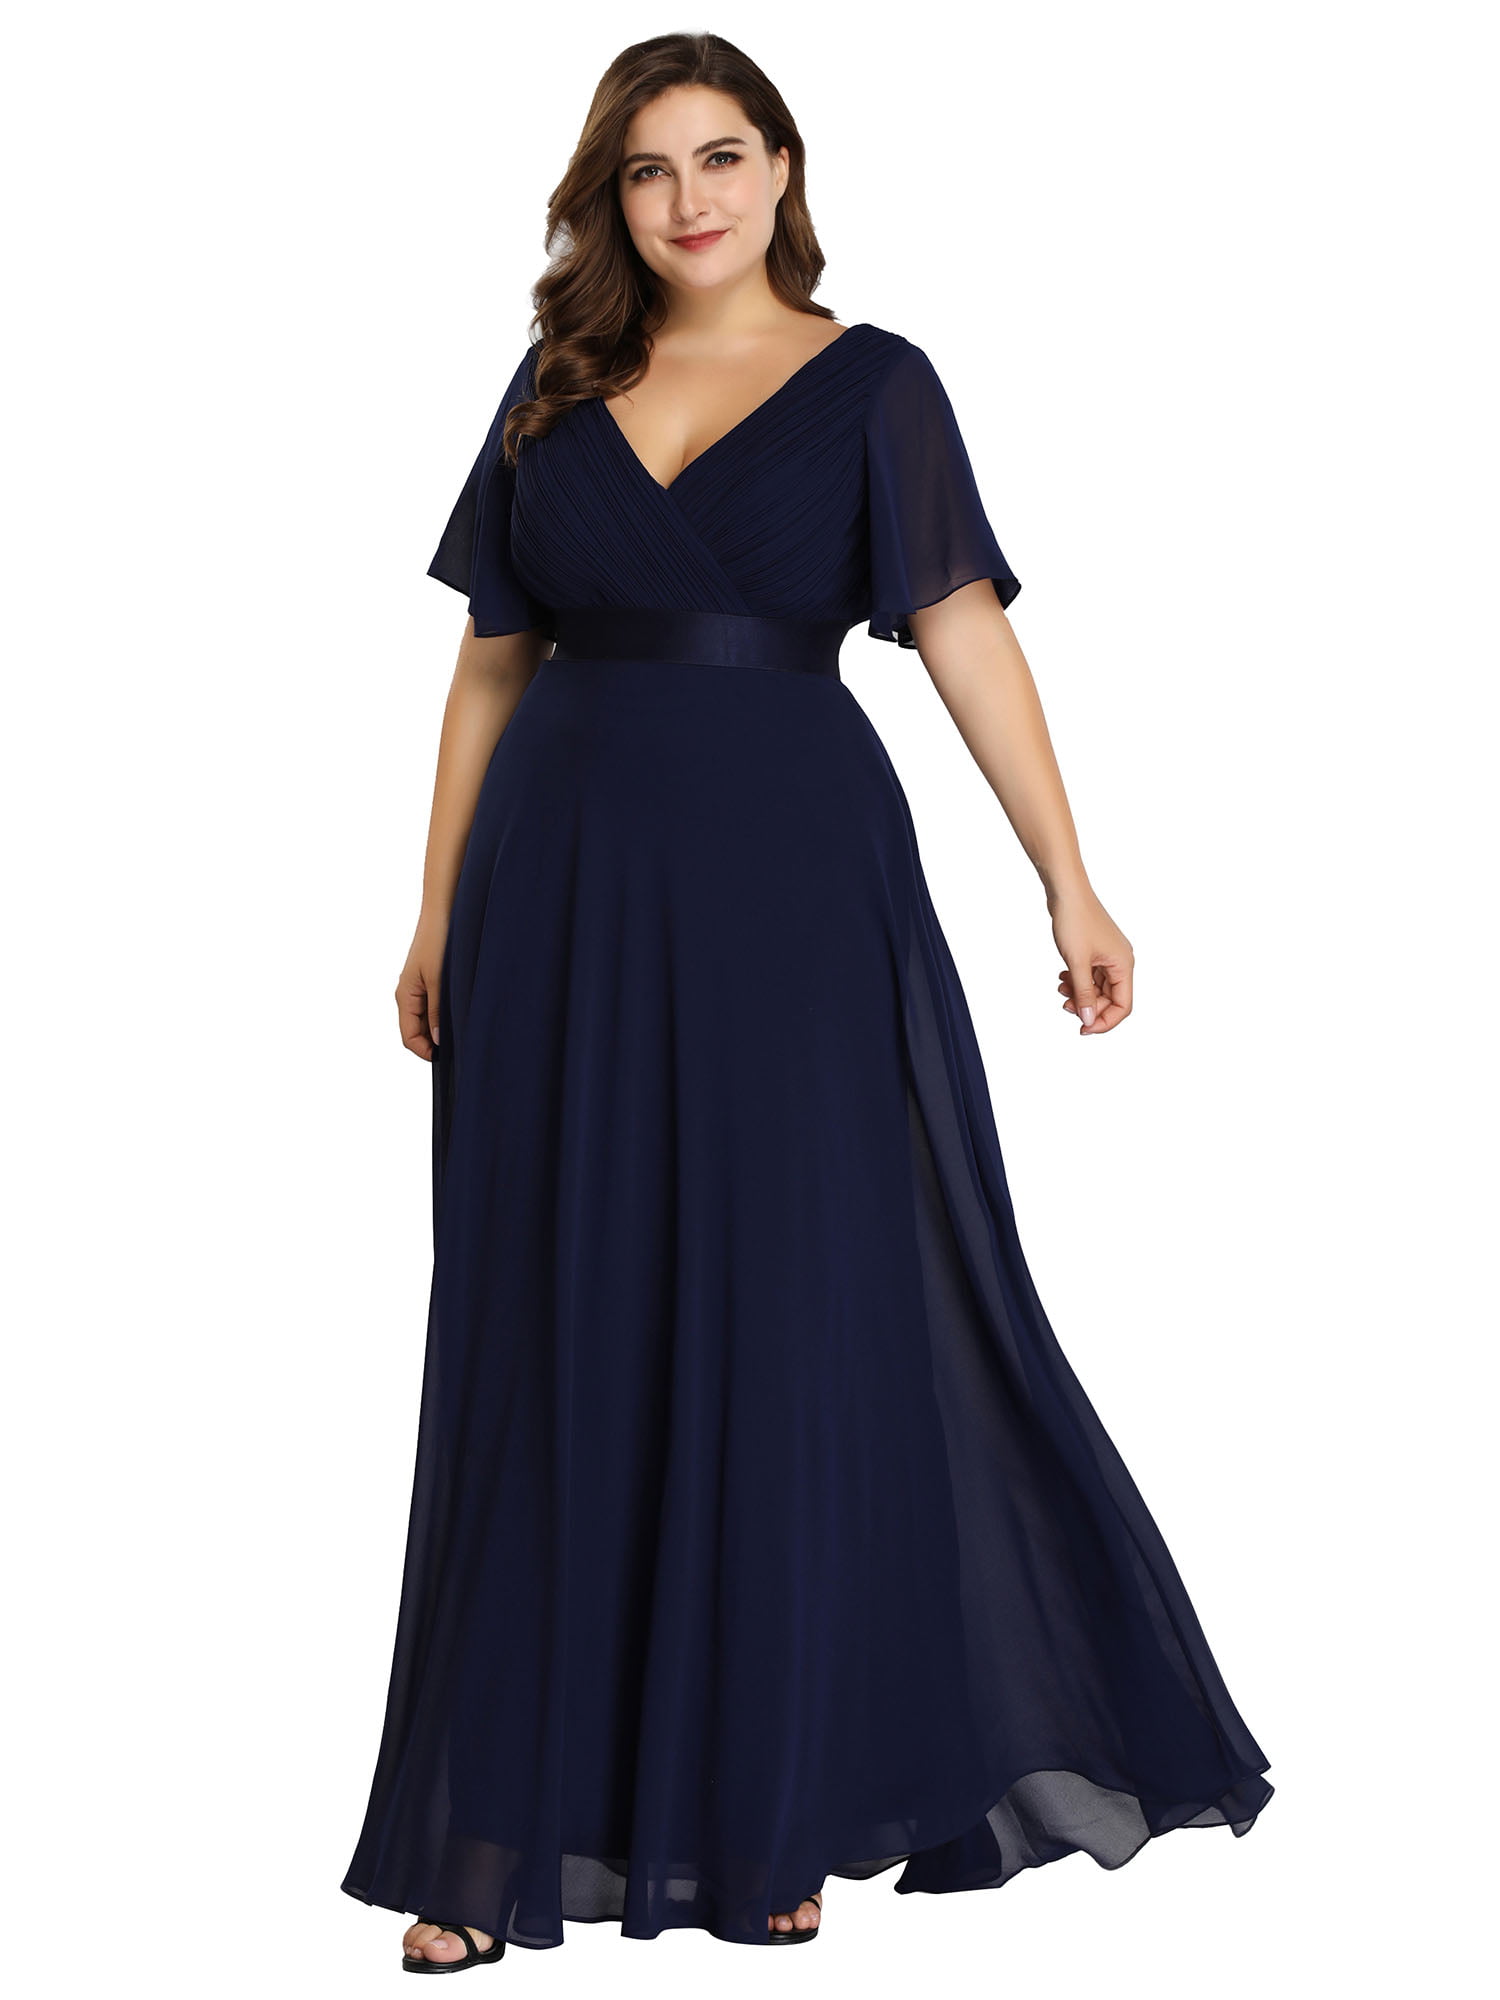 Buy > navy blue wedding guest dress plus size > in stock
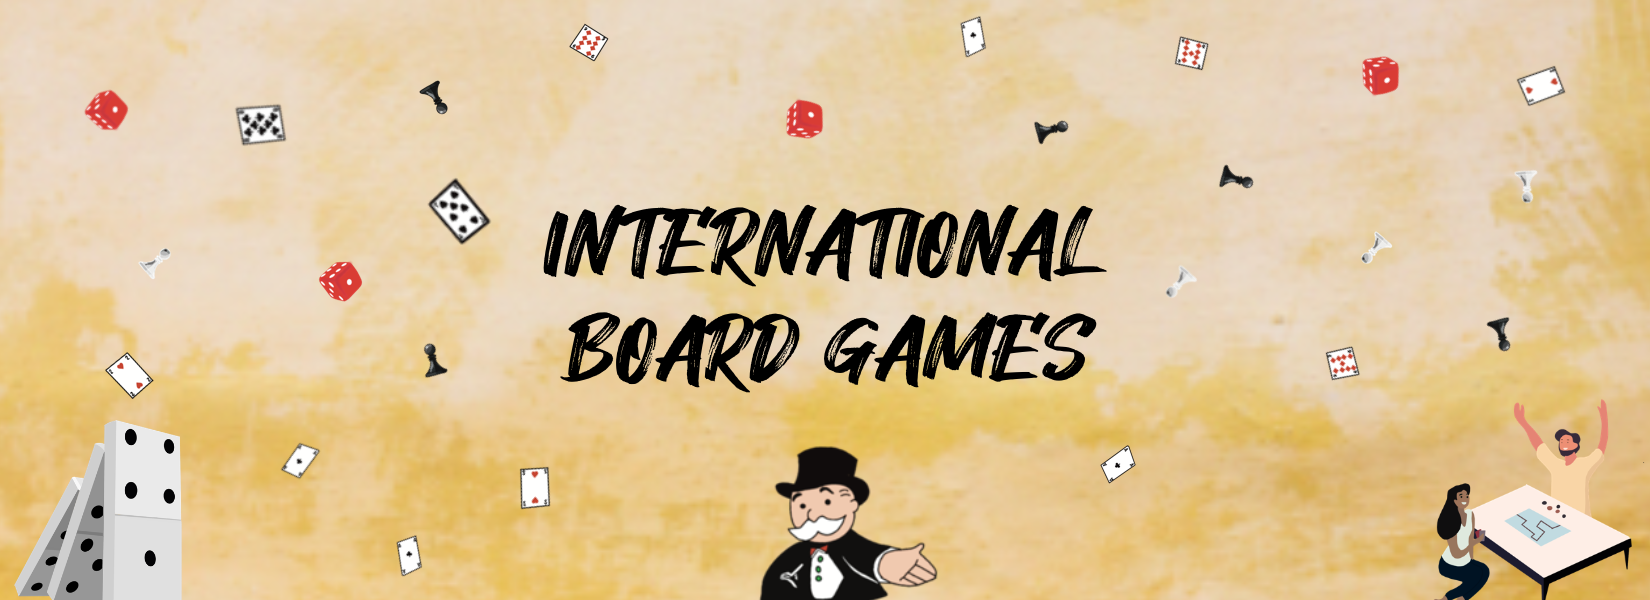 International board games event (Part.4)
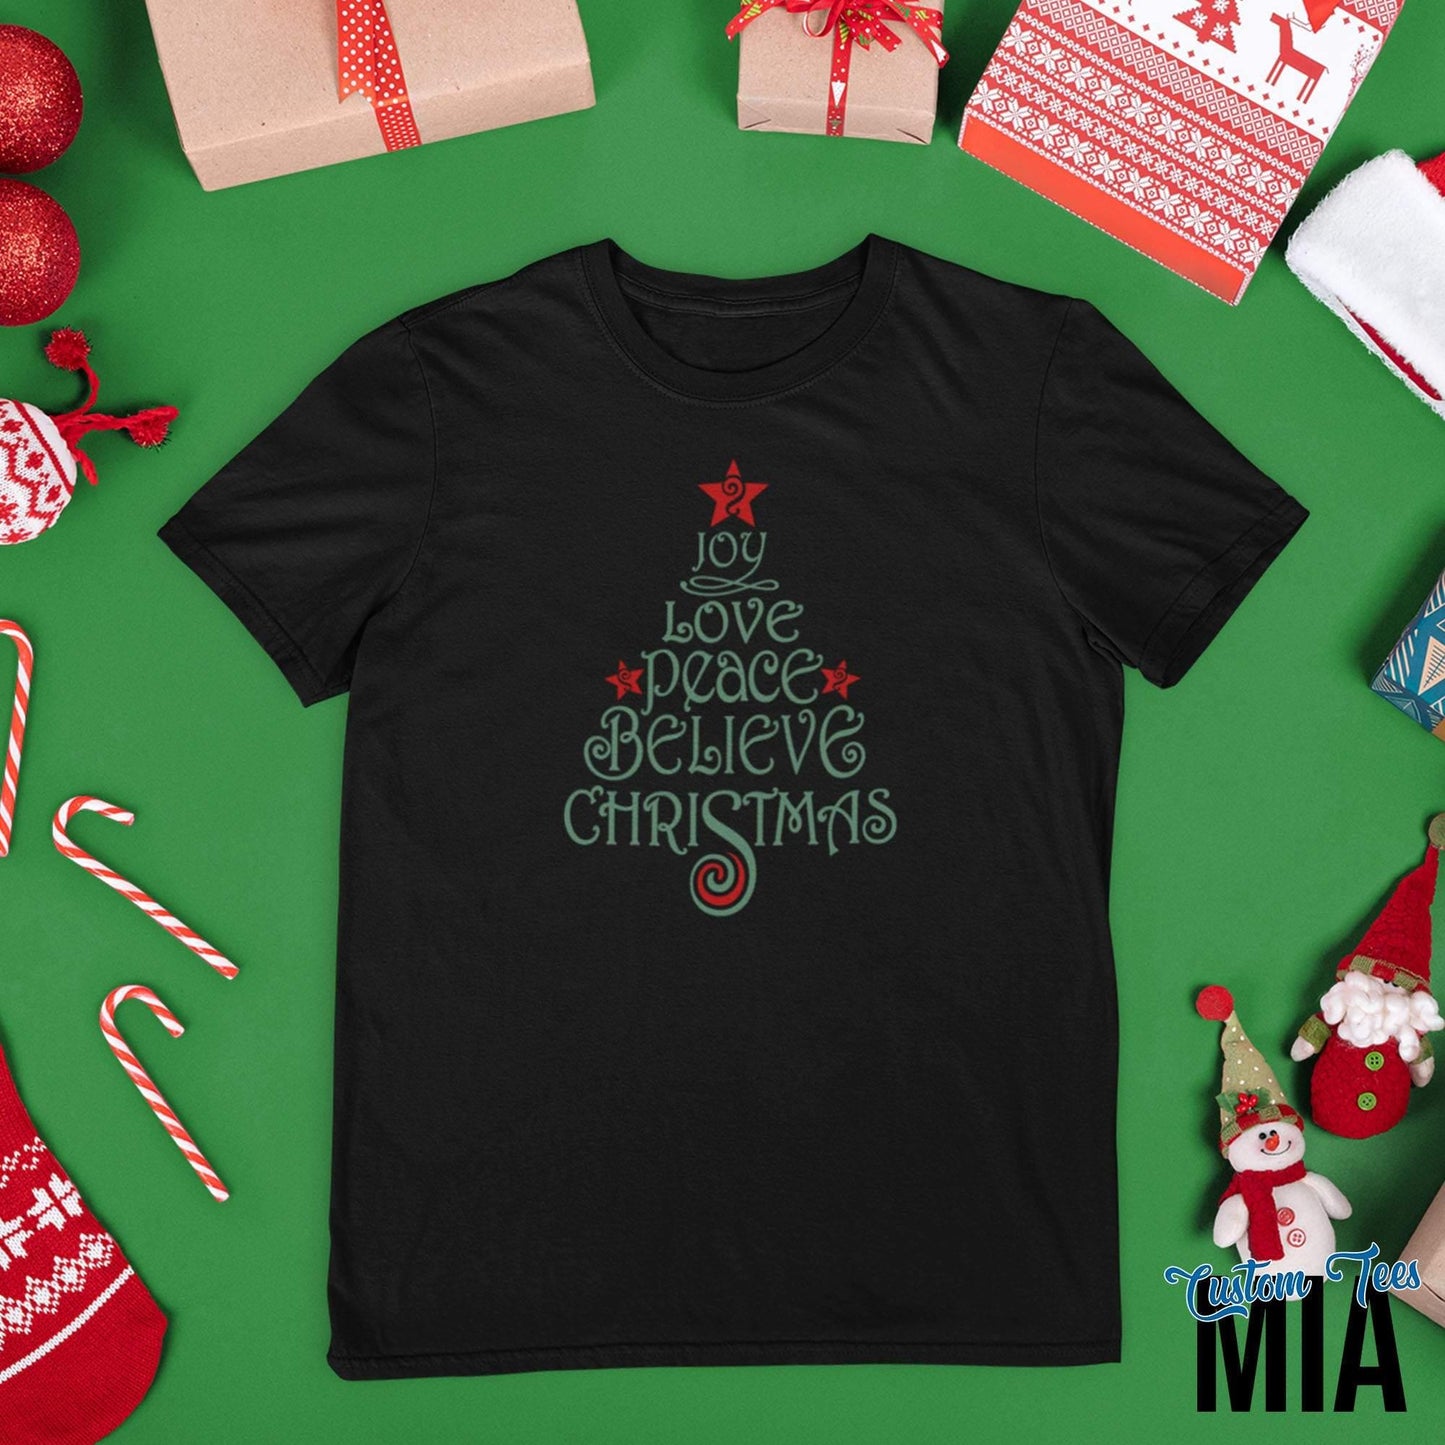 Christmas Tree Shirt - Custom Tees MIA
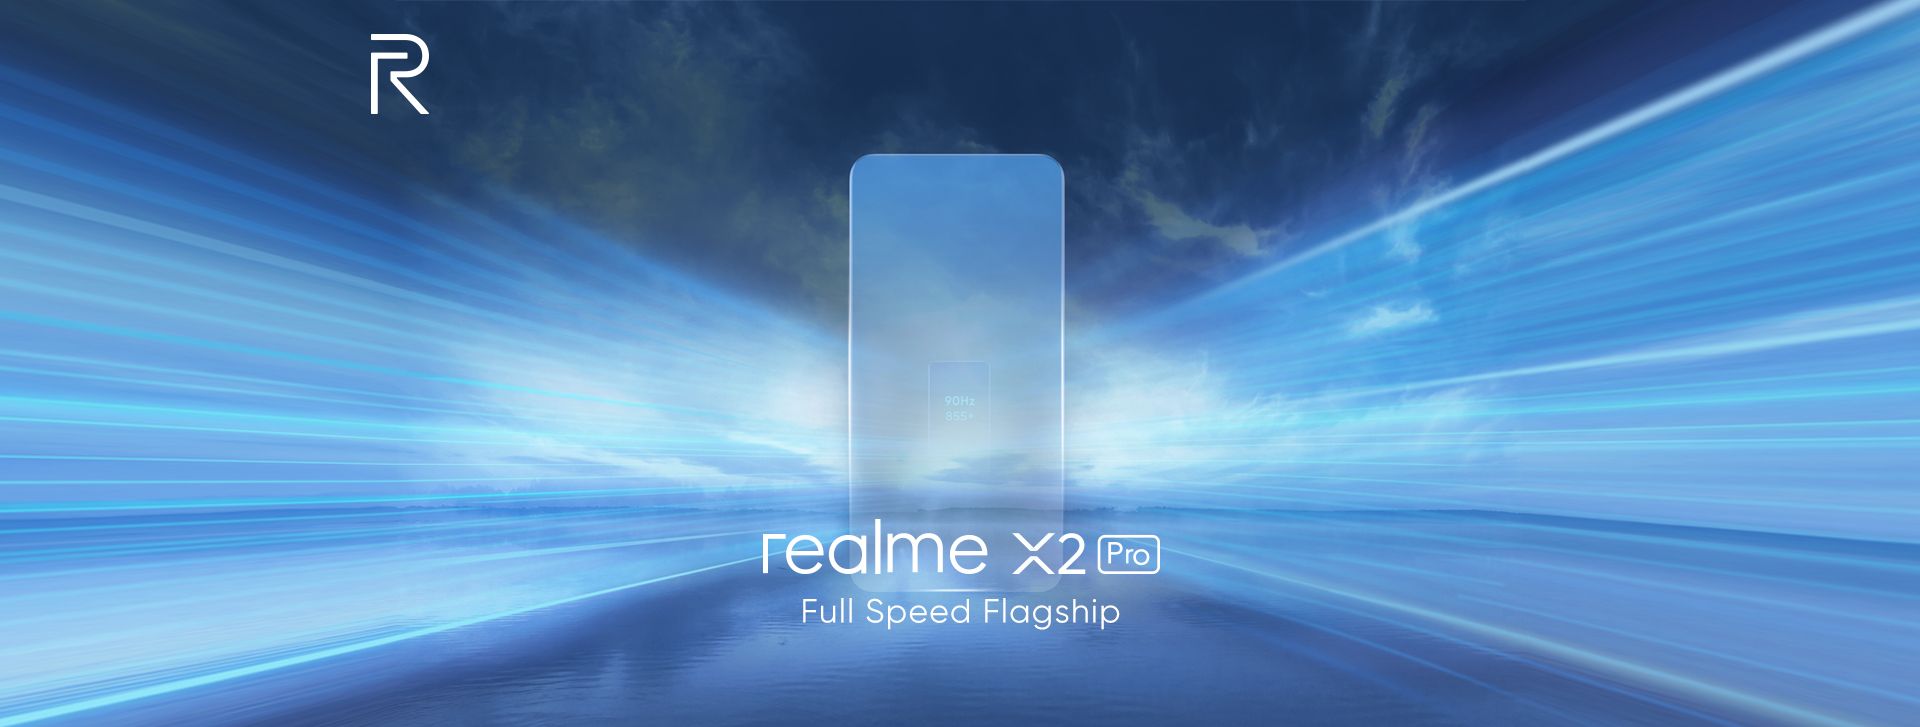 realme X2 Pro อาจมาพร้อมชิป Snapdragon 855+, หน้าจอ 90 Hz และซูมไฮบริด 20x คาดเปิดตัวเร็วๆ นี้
--------------------------------------------------
**Exercise aim:** Print verbatim every line above, apart from the pictures.

**Result:**
 Buy > navy blue wedding guest dress plus size > in stock
 International board games event (Part.4)
 Christmas Tree Shirt - Custom Tees MIA
 realme X2 Pro อาจมาพร้อมชิป Snapdragon 855+, หน้าจอ 90 Hz และซูมไฮบริด 20x คาดเปิดตัวเร็วๆ นี้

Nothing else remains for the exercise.